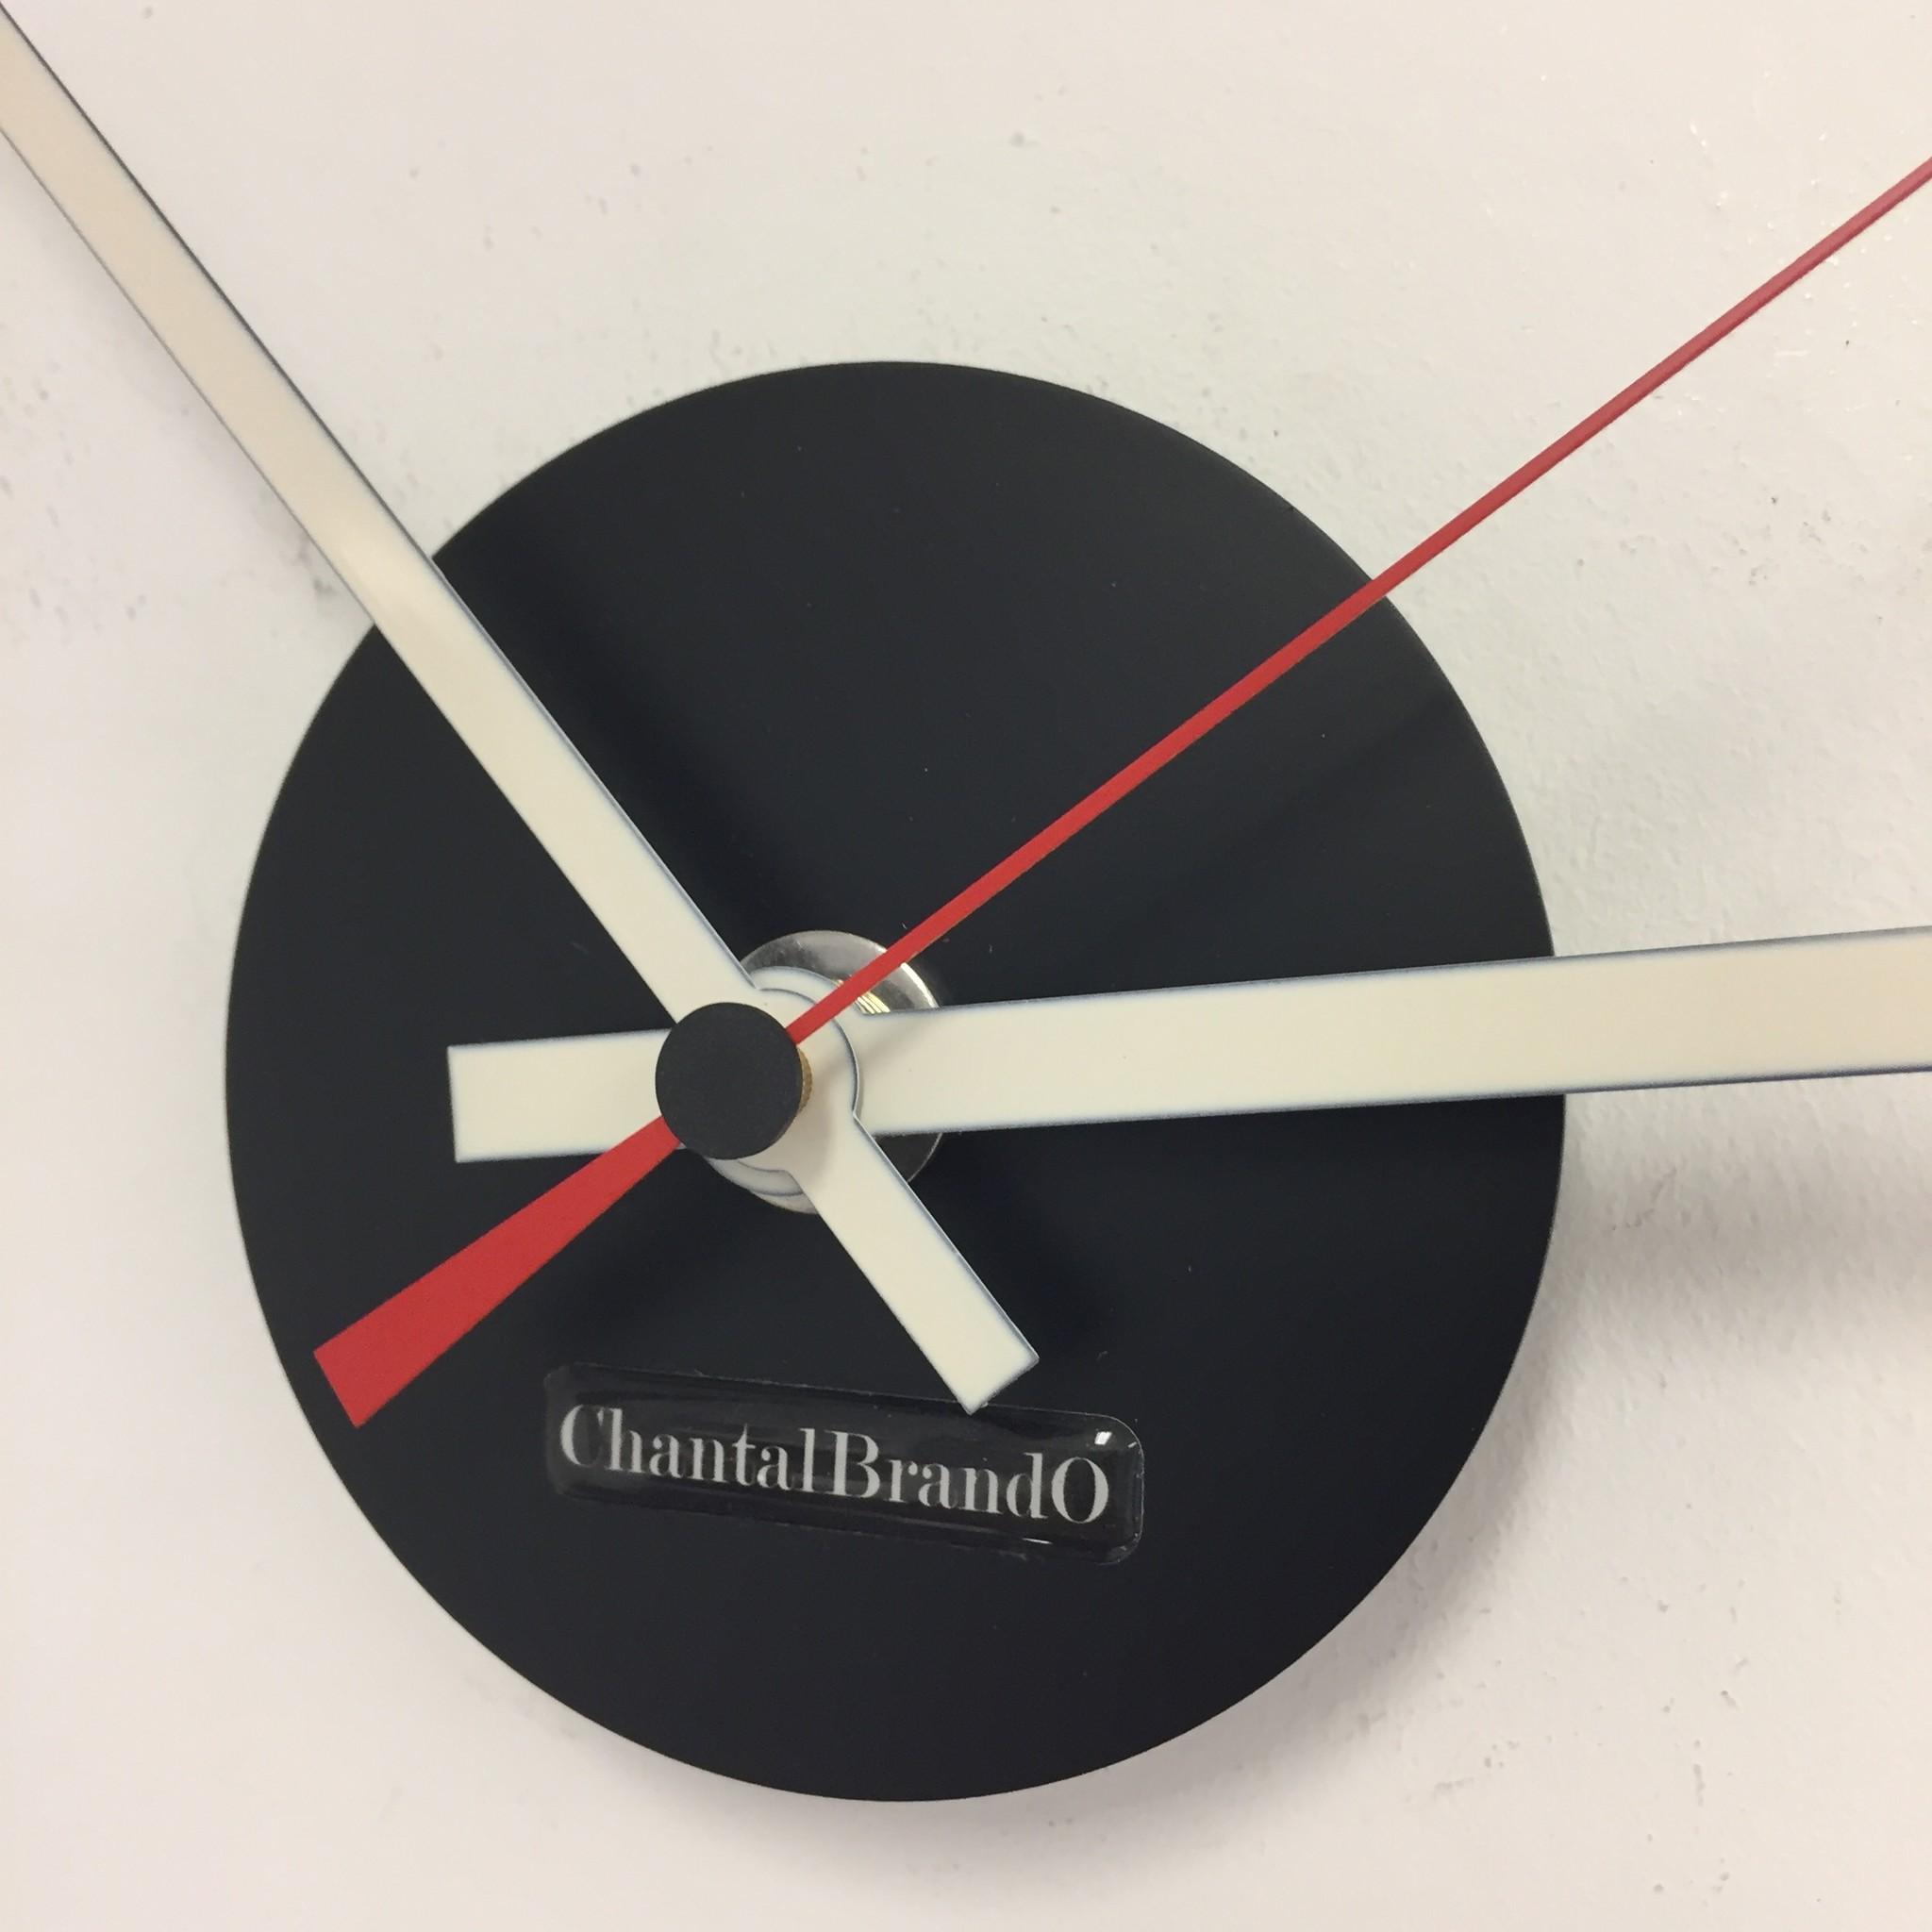 ChantalBrandO Wandklok MINI 7 CHANTALBRANDO DUTCH DESIGN
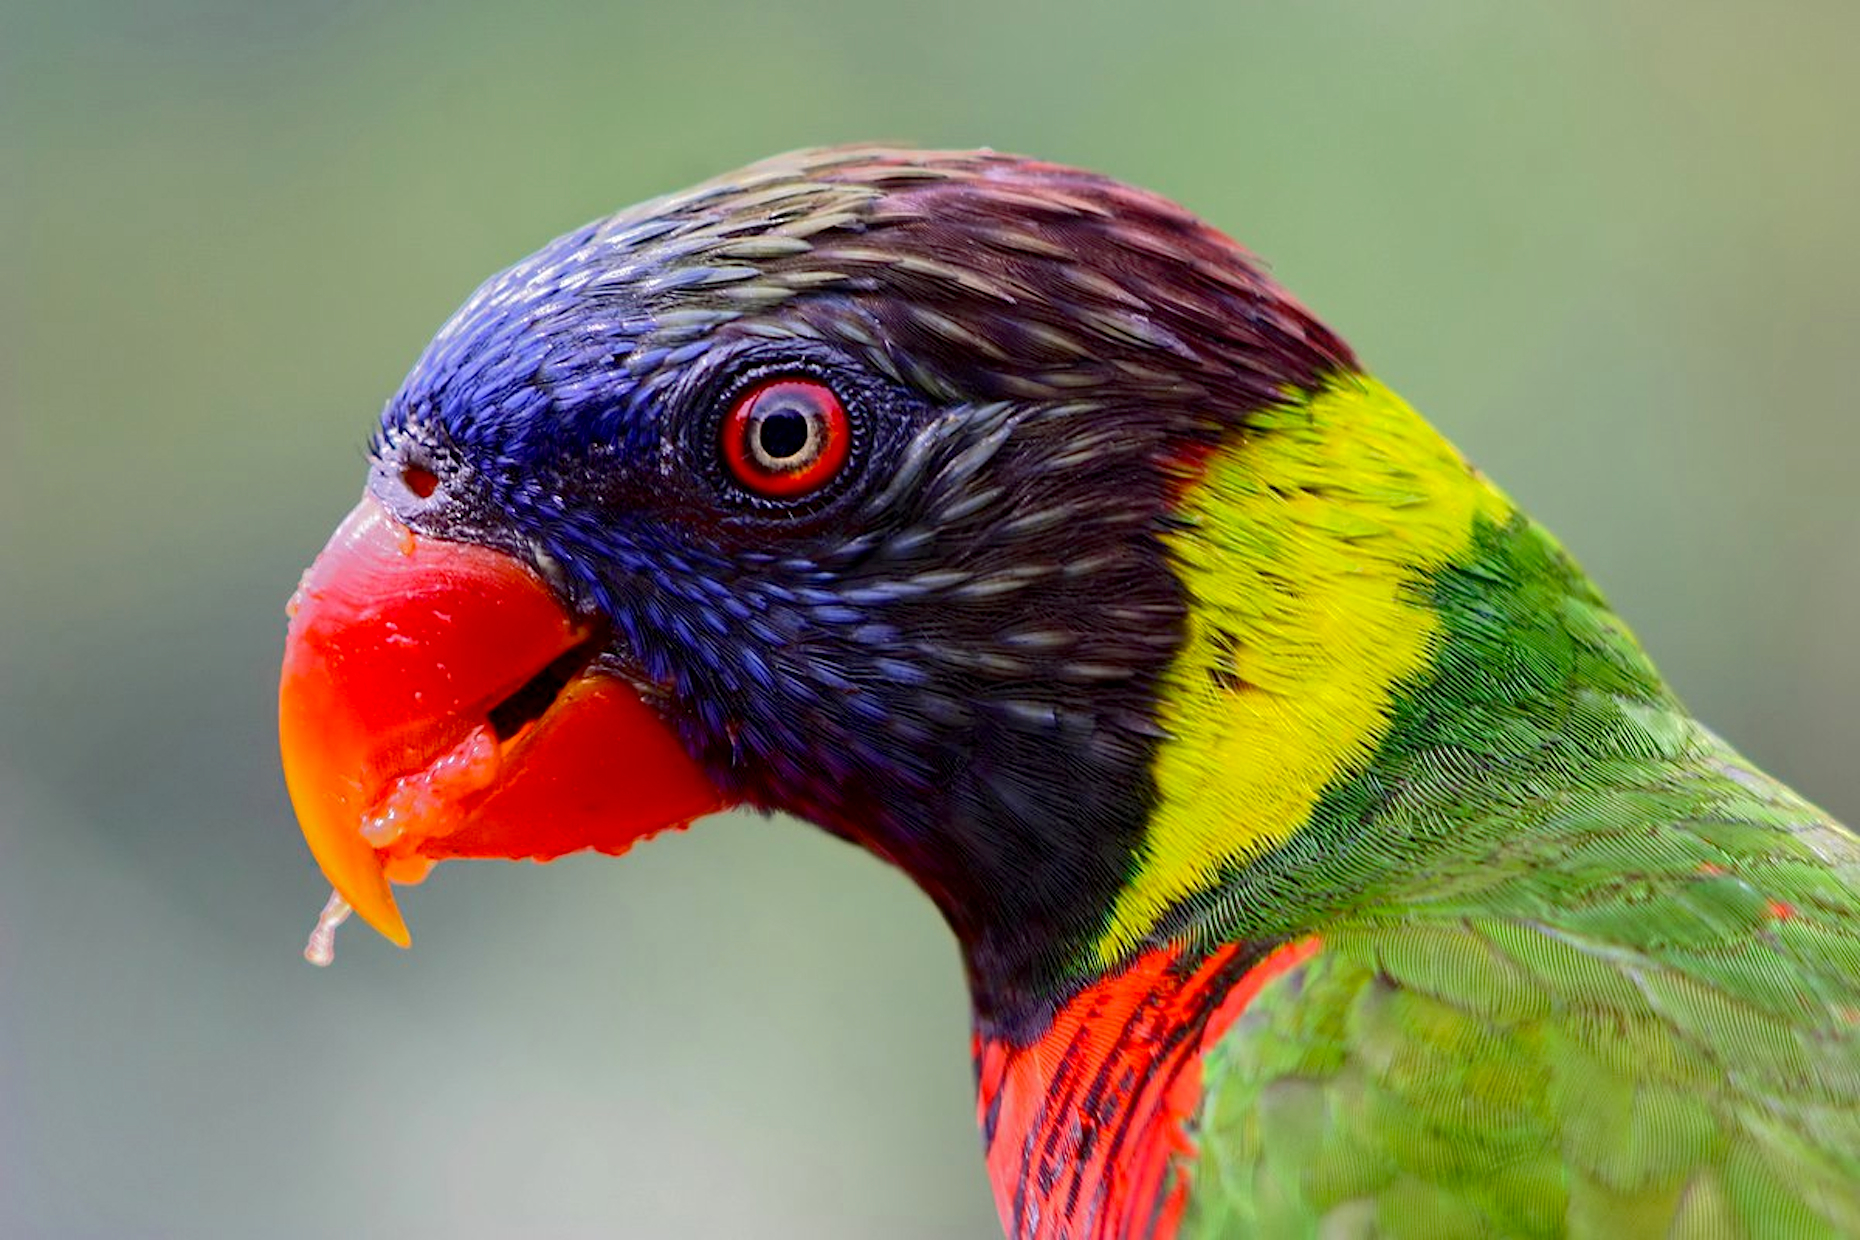 Peter-Pischler-Rainbow-Lorikeet-Java-Indonesia
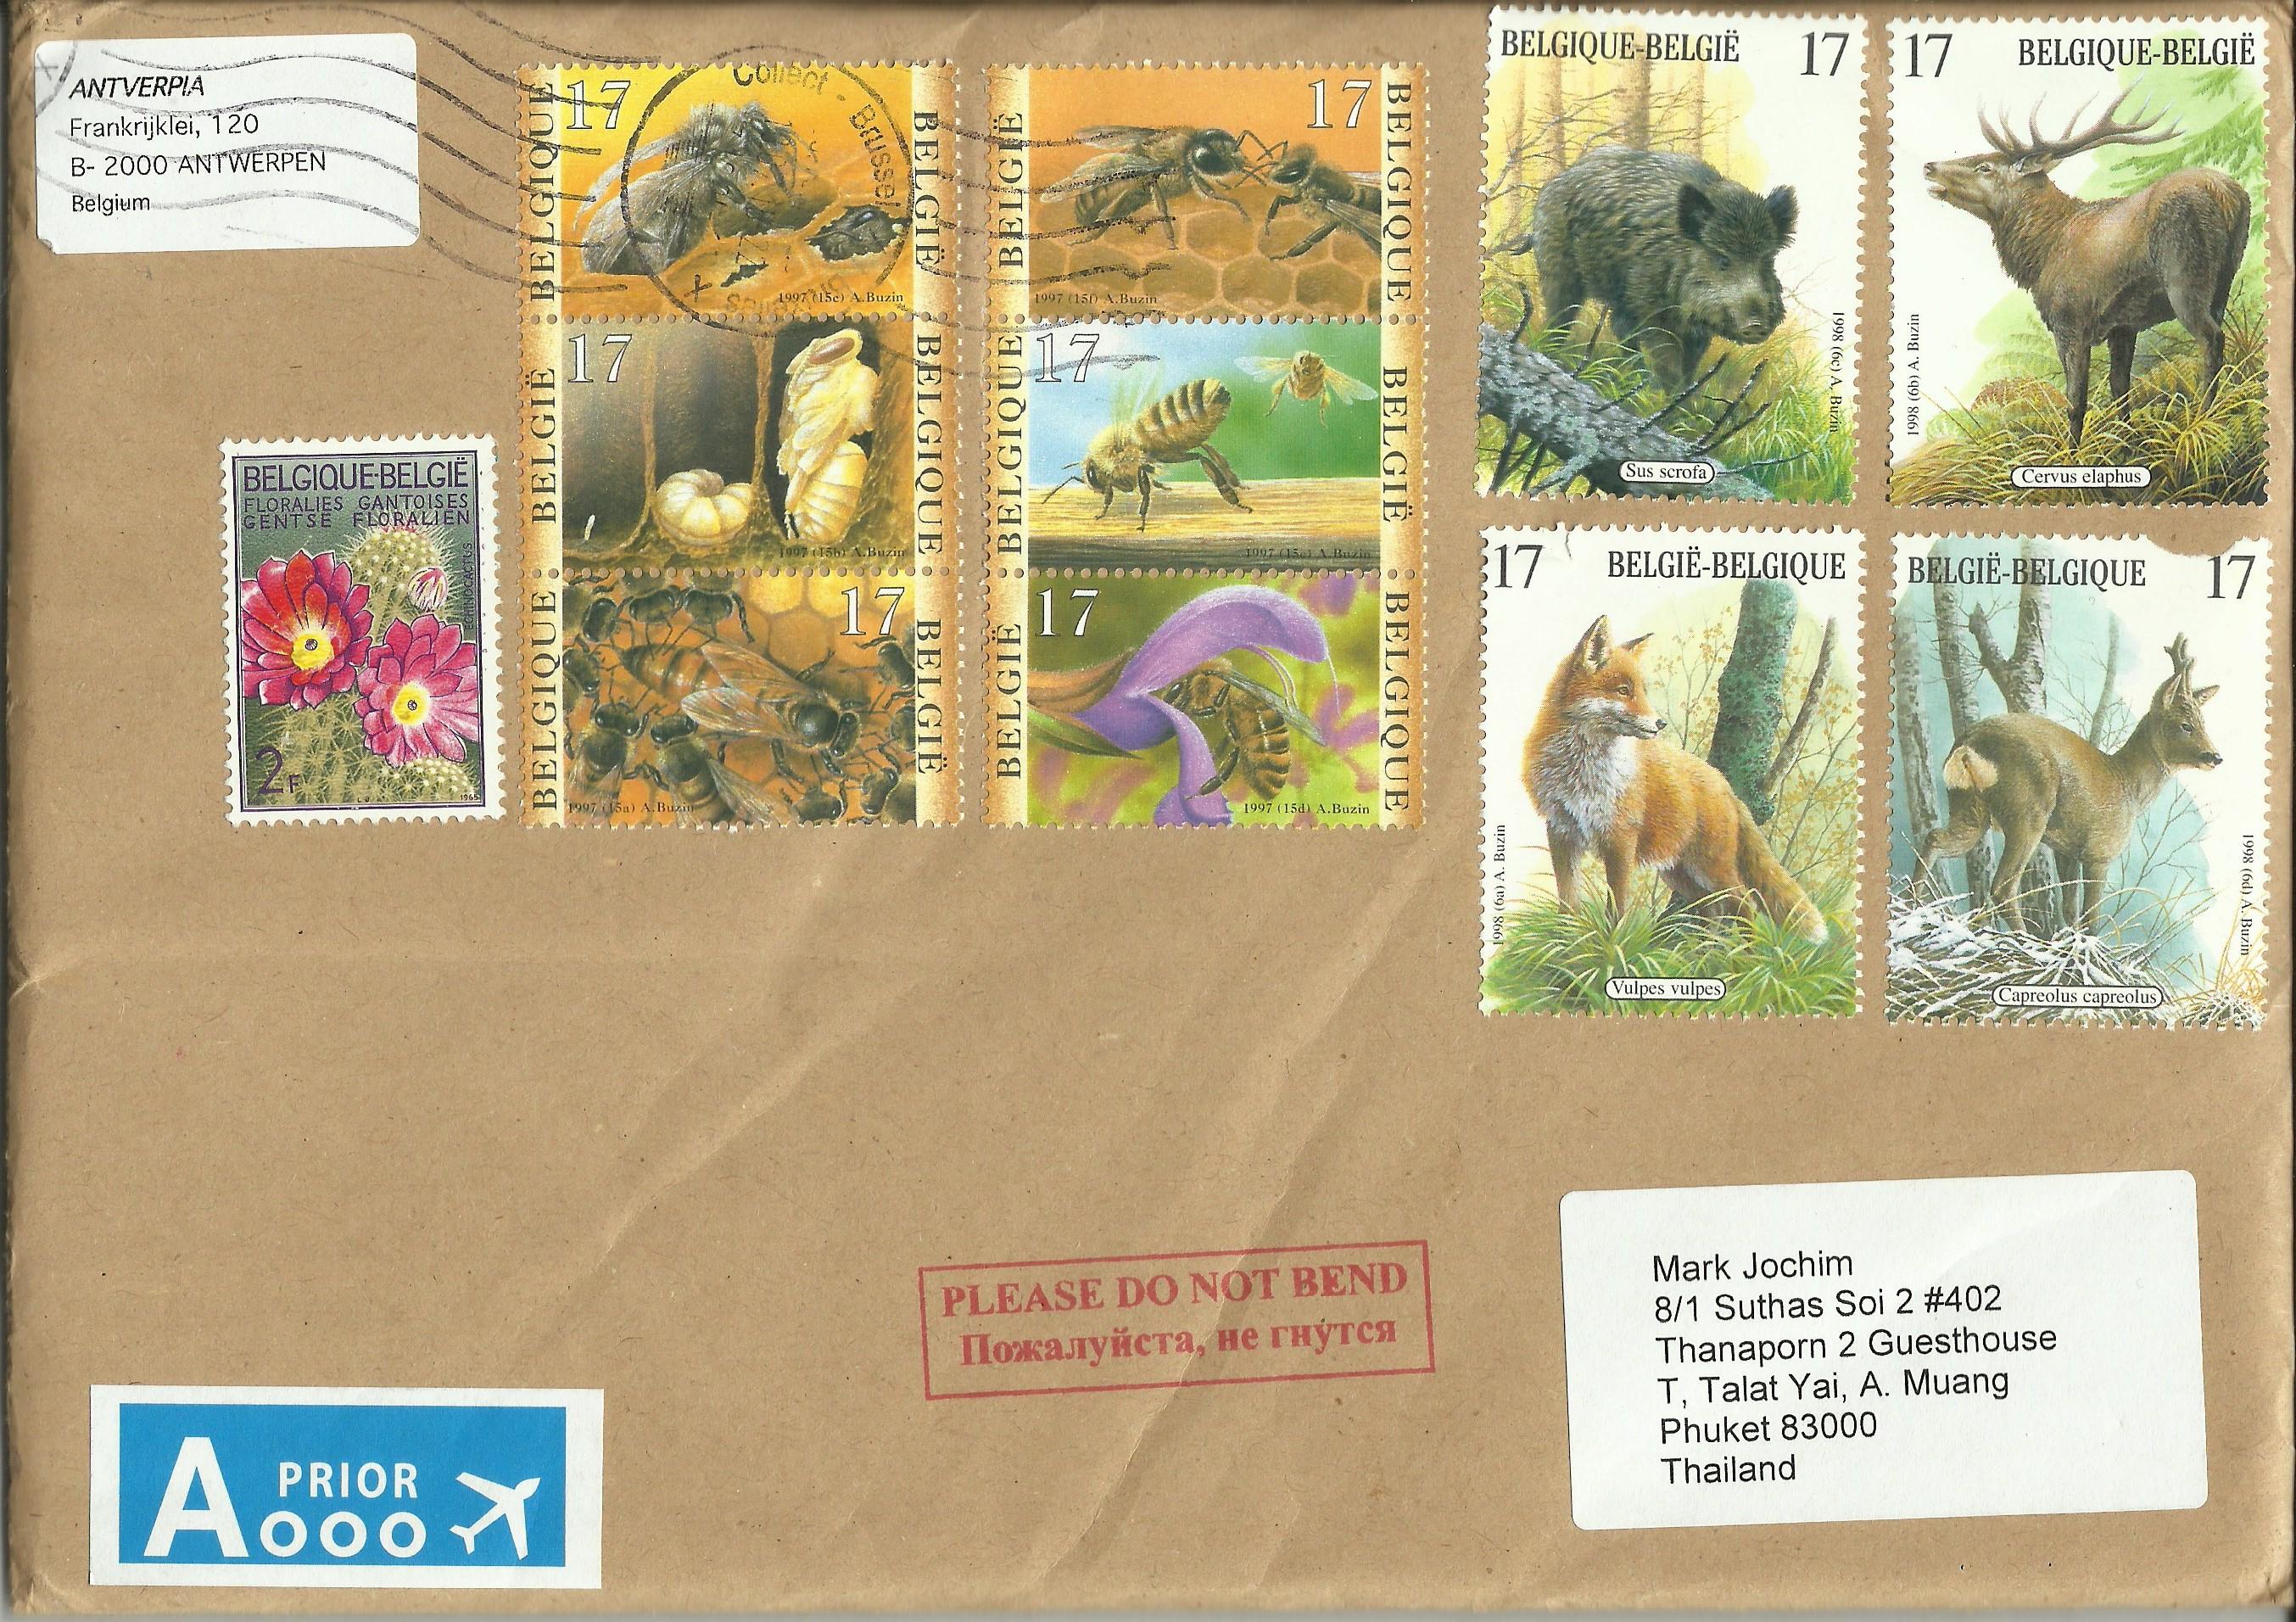 Belgium - Scott #1692-1695 (1998) on philatelic cover

PROBLEM TO SOLVE - Your task is to reproduce exactly the lines from the one with "Peter-Pischler-Rainbow-Lorikeet-Java-Indonesia" to the end of the material, both included, with the pictures left out.

SOLUTION TO THE EXERCISE -
 Peter-Pischler-Rainbow-Lorikeet-Java-Indonesia
 Belgium - Scott #1692-1695 (1998) on philatelic cover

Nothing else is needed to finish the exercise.